- Dataset excerpt:
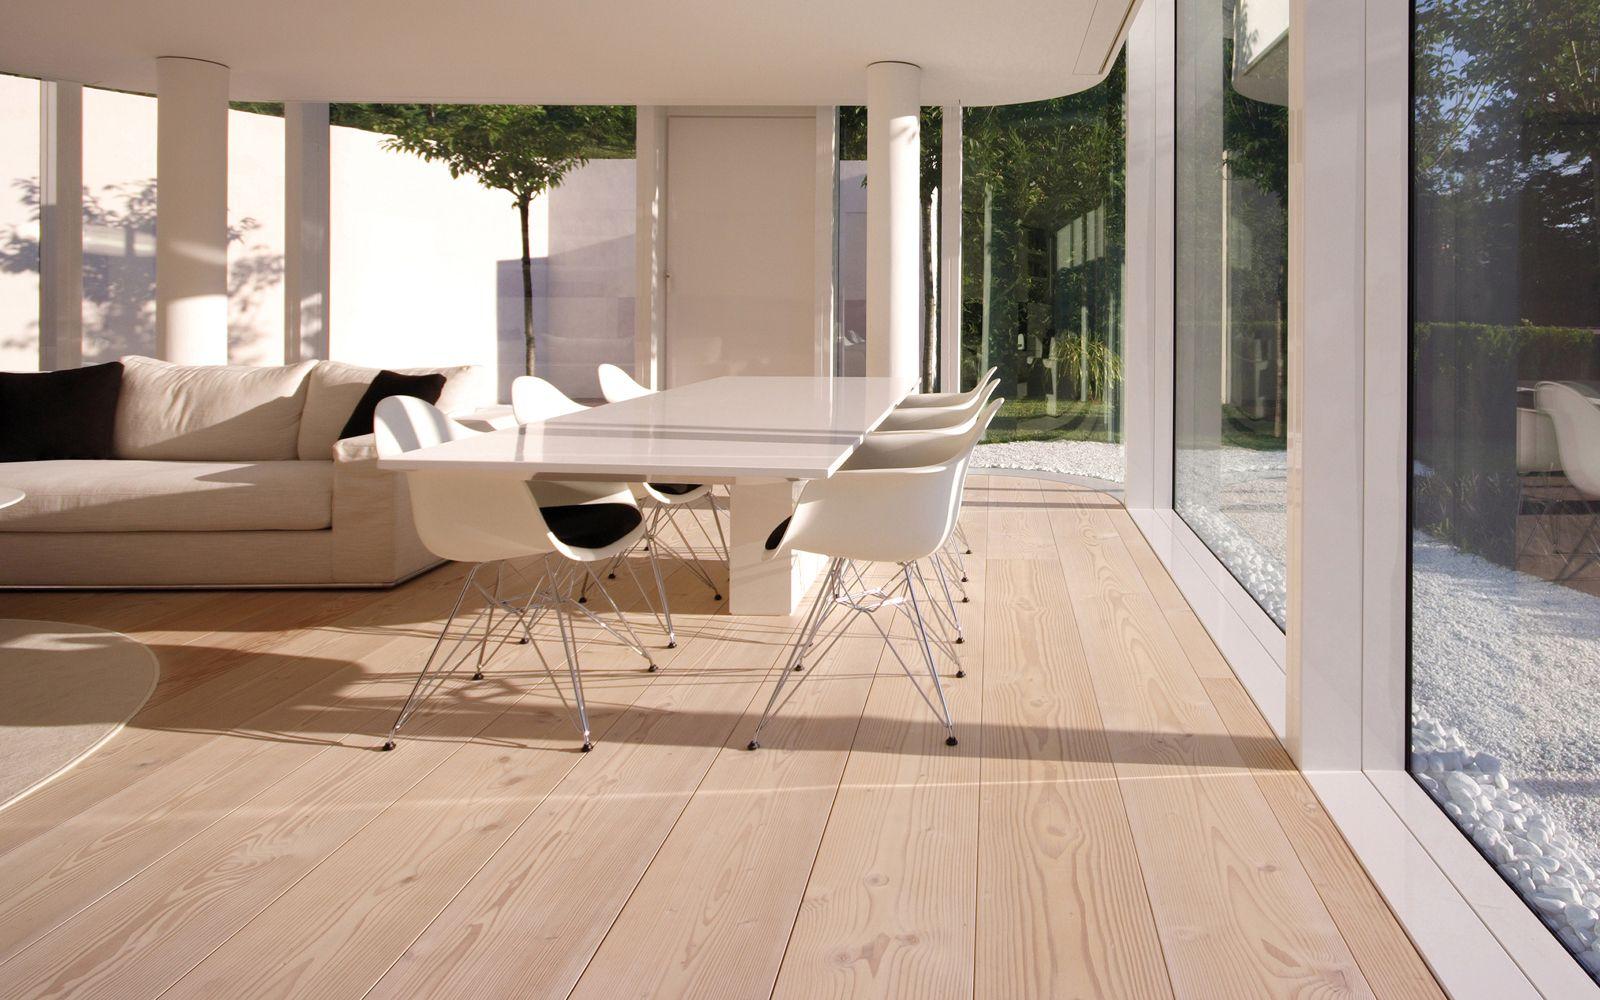 Madera para suelo radiante perfect with madera para suelo - Suelo radiante parquet ...
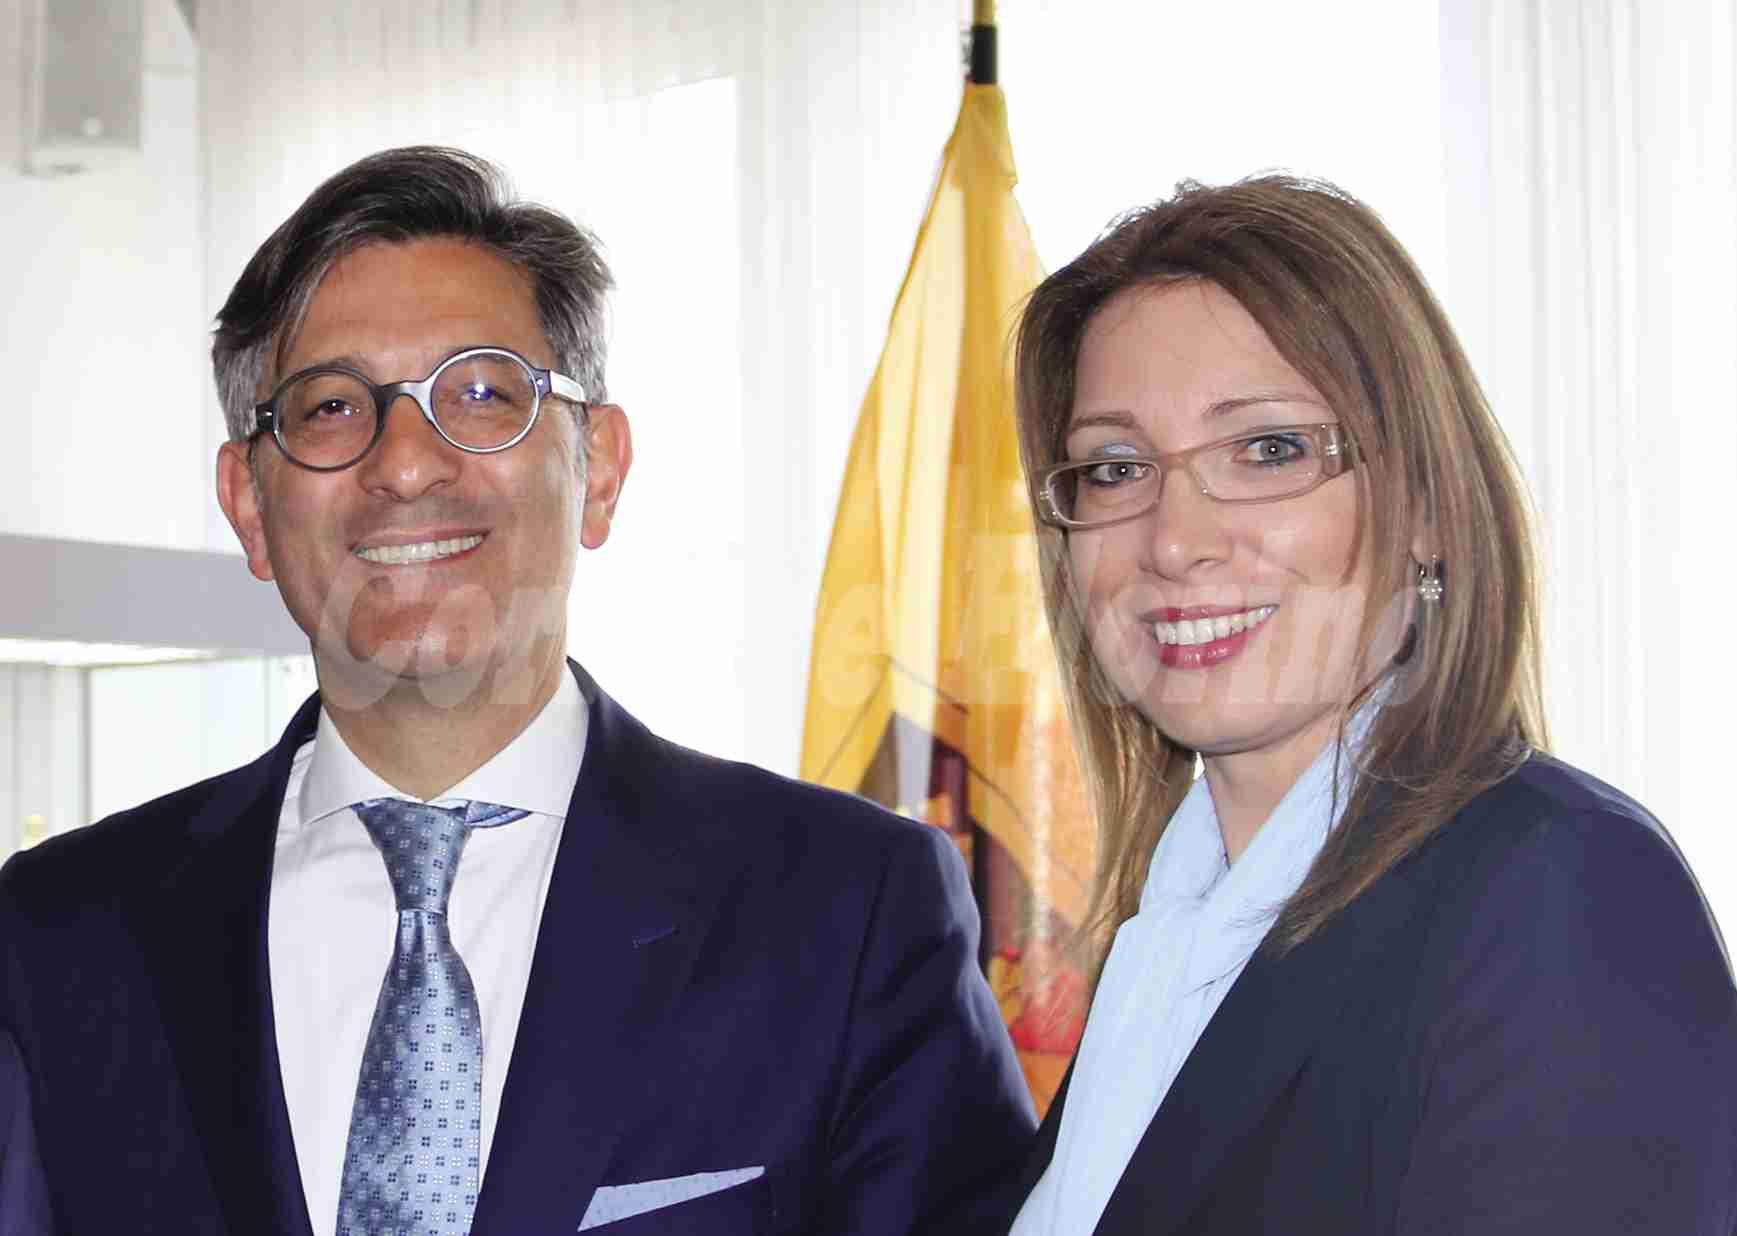 Oggi alle 12.30, conferenza stampa del sindaco Calvo e Cinzia Giallongo
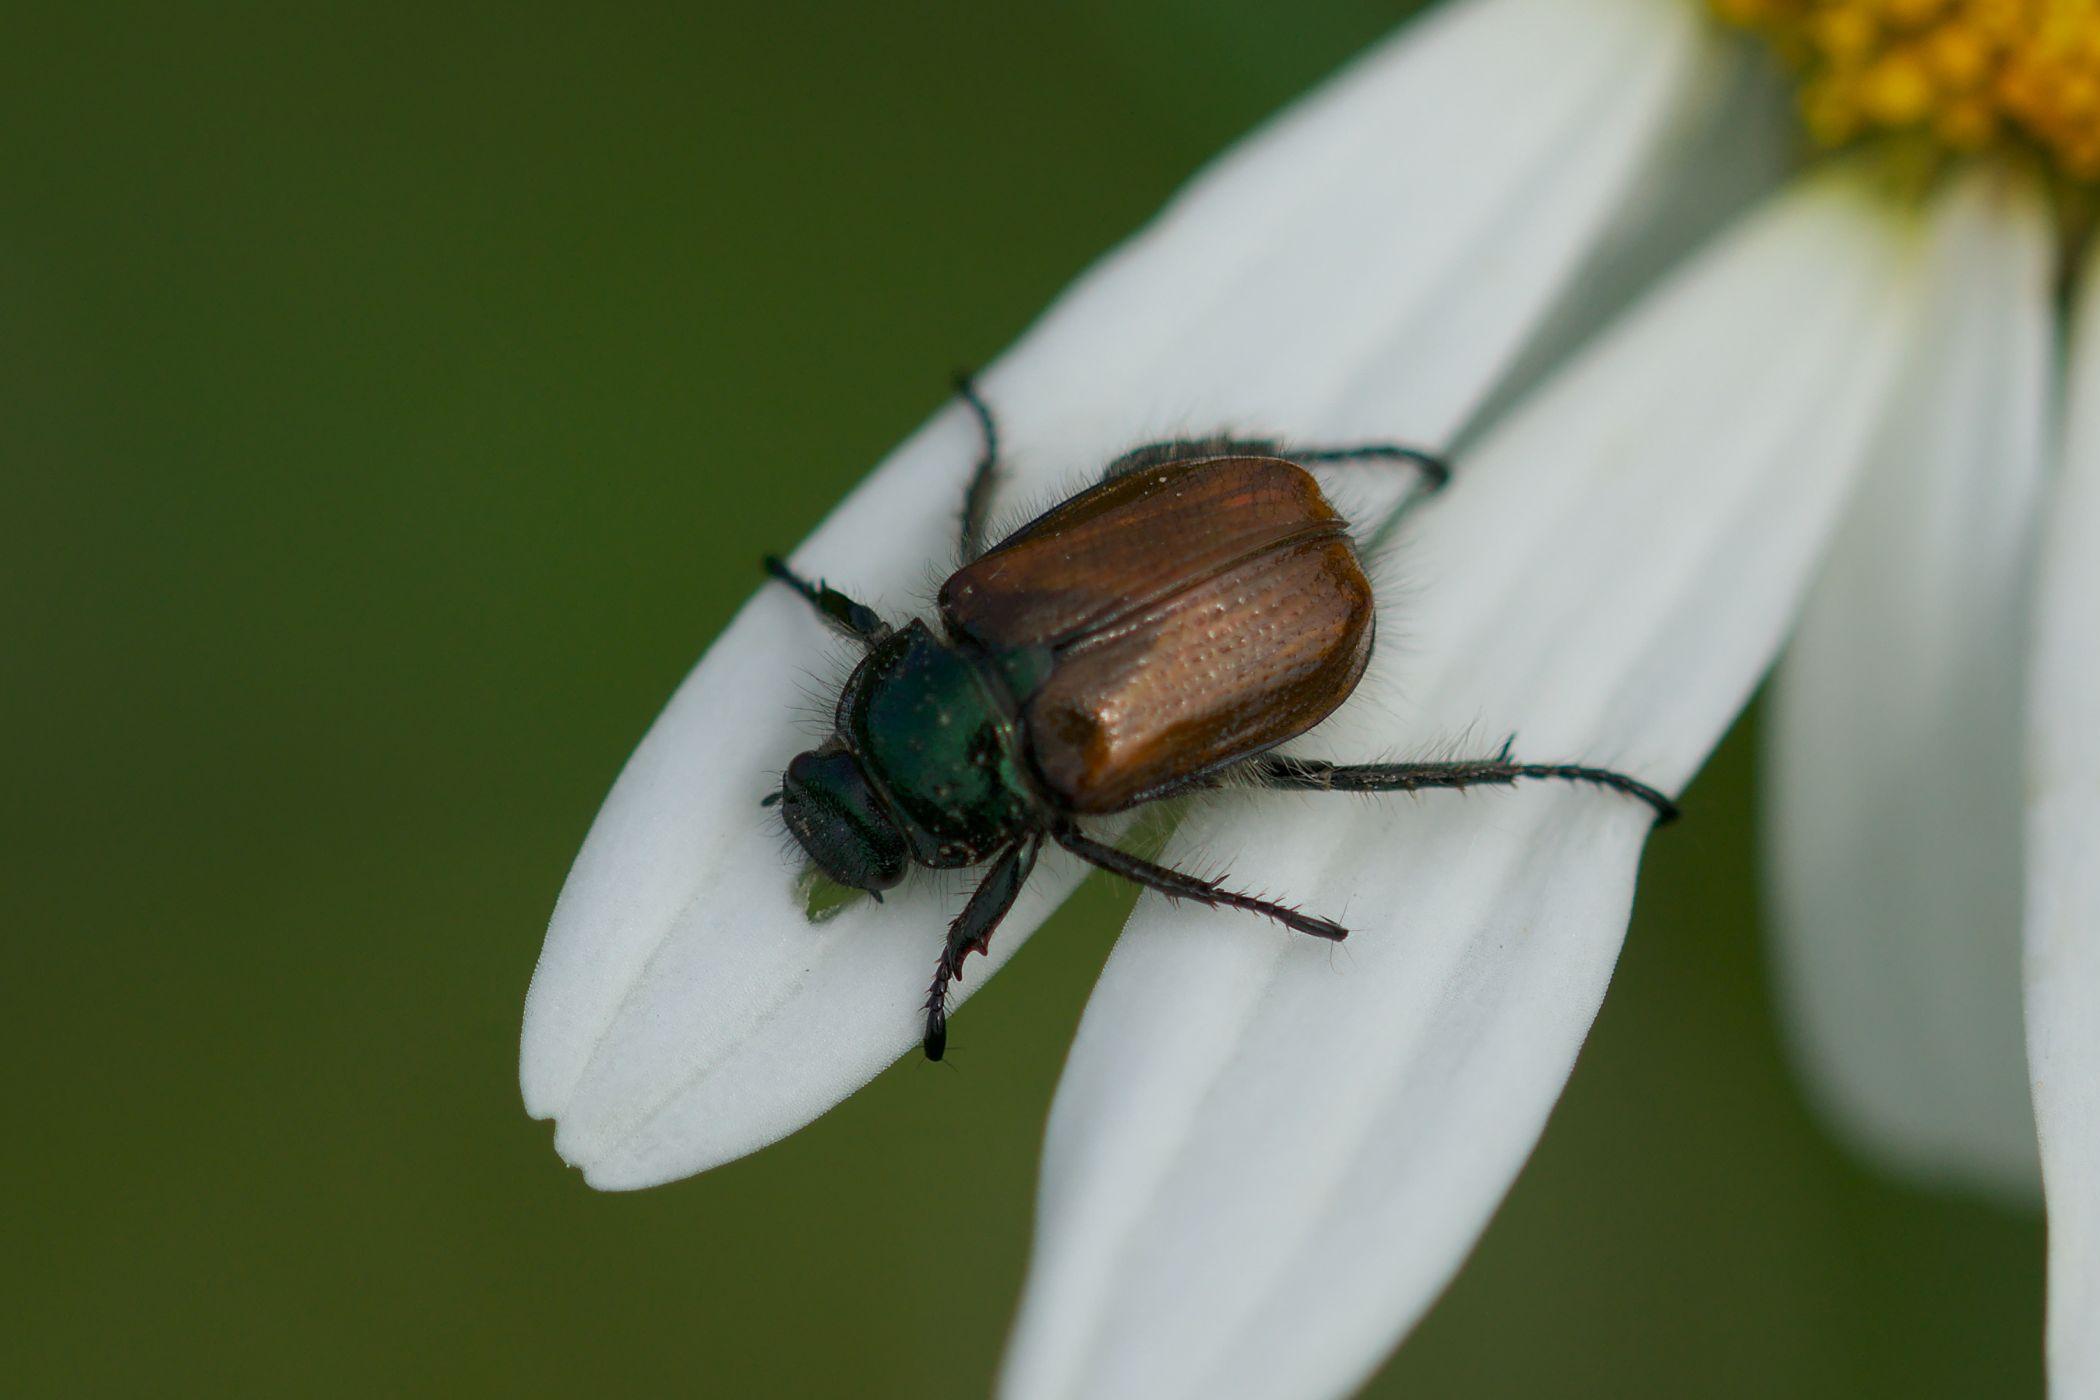 "<a href=""/phyllopertha-horticola/"" target=""_blank"" rel=""noopener noreferrer""><i>Phyllopertha horticola</i> (Gartenlaubkäfer)</a>"

- Assigned task: Pictures are to be left out; the rest of the listing should be printed exactly.

- Task answer:
 Madera para suelo radiante perfect with madera para suelo - Suelo radiante parquet ...
 Oggi alle 12.30, conferenza stampa del sindaco Calvo e Cinzia Giallongo
 "<a href=""/phyllopertha-horticola/"" target=""_blank"" rel=""noopener noreferrer""><i>Phyllopertha horticola</i> (Gartenlaubkäfer)</a>"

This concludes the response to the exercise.